The main outcome measure was any inpatient cataract extraction. We identified women with cataract extractions using procedure codes from the Canadian Classification of Diagnostic, Therapeutic, and Surgical Procedures (27.2-27.9) and the Canadian Classification of Health Interventions (1.CL.53-1.CL.55, 1.CL.59-1.CL.89), supplemented with ICD diagnostic codes (366, H25, H26, H28.0-H28.2). Cataract surgery is primarily carried out in hospital in Quebec. We therefore captured the majority of pregnant women who later underwent cataract extraction in the province. However, we did not know whether women had 1 or both eyes affected.

Covariates

We considered several covariates that could confound the relationship between preeclampsia and cataract. These included age at first delivery (continuous, ranging from 12-56 years), parity (1, 2, ≥3 total deliveries), asthma (ICD 493, J45), socioeconomic deprivation (poorest fifth of the population, no, unknown), and the time period at first delivery (1989 through 1993, 1994 through 1998, 1999 through 2003, 2004 through 2008, 2009 through 2013). To rule out the possibility of residual confounding, we accounted for age at first delivery as accurately as possible, using quadratic splines with knots at the 5th, 50th, and 95th percentiles. We accounted for asthma because exposure to inhaled corticosteroids is an independent risk factor for cataract.

Data analysis

We calculated the cumulative incidence of cataract extraction/1000 women with and without preeclampsia, with death as a competing event. We used Cox proportional hazard models to estimate hazard ratios (HR) and 95% confidence intervals (CI) for risk of cataract extraction, comparing women with preeclampsia to those without. For comparability, we used the number of days since the first delivery as the time scale for all women regardless of preeclampsia status. We estimated unadjusted models, and models partially adjusted for age, parity, asthma, socioeconomic deprivation, and time period. Finally, we estimated models fully adjusted for metabolic disease in addition to the covariates in the partially adjusted model. We censored deaths and women who had no cataract extraction by the end of the study: March 31, 2014. We verified the proportional hazards assumption using log (-log survival) plots.

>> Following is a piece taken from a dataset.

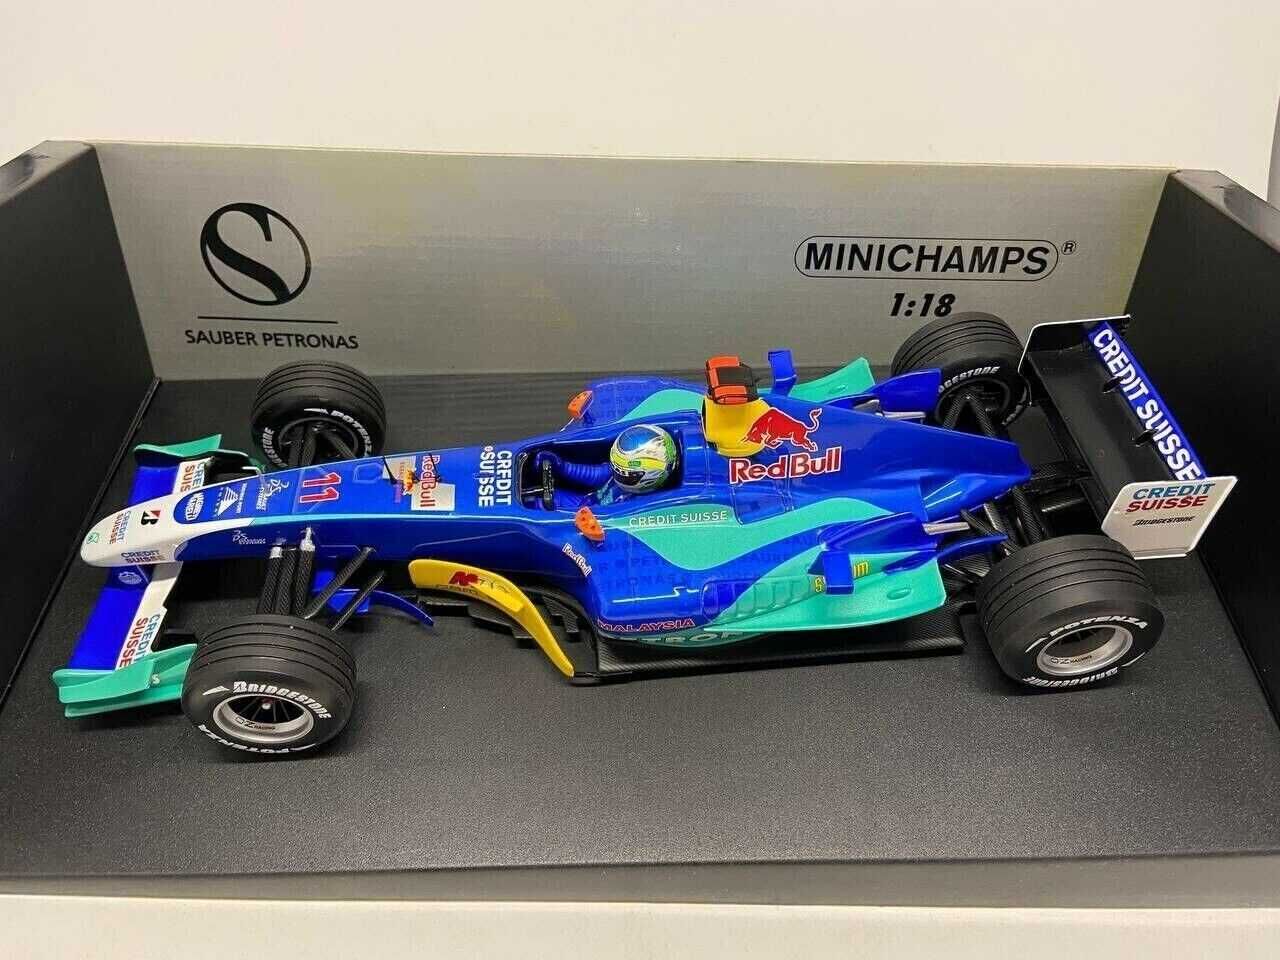 Minichamps 1/18 F1 Red Bull G. Fisichella
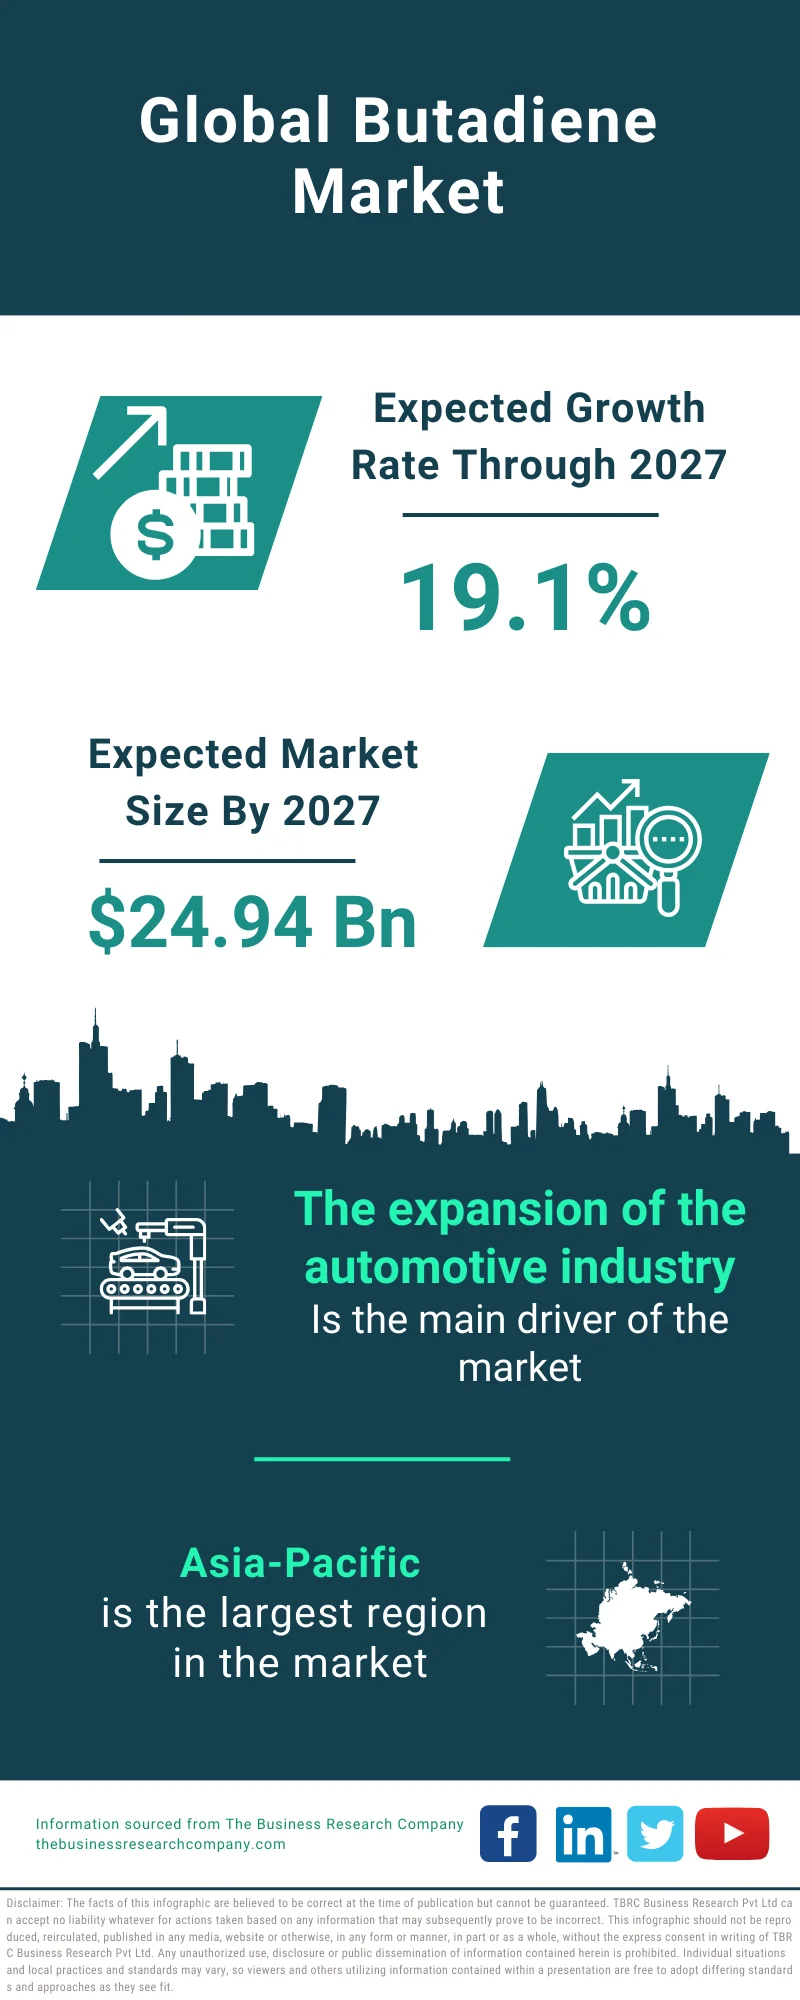 Butadiene Global Market Report 2023

As cataract is primarily a disease of older age, we performed sensitivity analyses in which we restricted the cohort to women who delivered during the first decade of the study (1989 through 1998), for whom we had longer length of follow-up. This group of women is more likely to undergo cataract extraction. We reran models after excluding procedures for cataracts specifically attributed to diabetes, trauma, or drug use. We also reran models after excluding gestational hypertension from the definition of mild preeclampsia, but could only do so for deliveries before 2006 when the ICD-9 was in use.

We carried out the analysis in software (SAS v9.3; SAS Institute Inc, Cary, NC), setting statistical significance to P = .05, with 2-sided hypothesis tests. As the data were deidentified, the institutional review board of the University of Montreal Hospital Center deemed that ethical approval was not required and provided a waiver.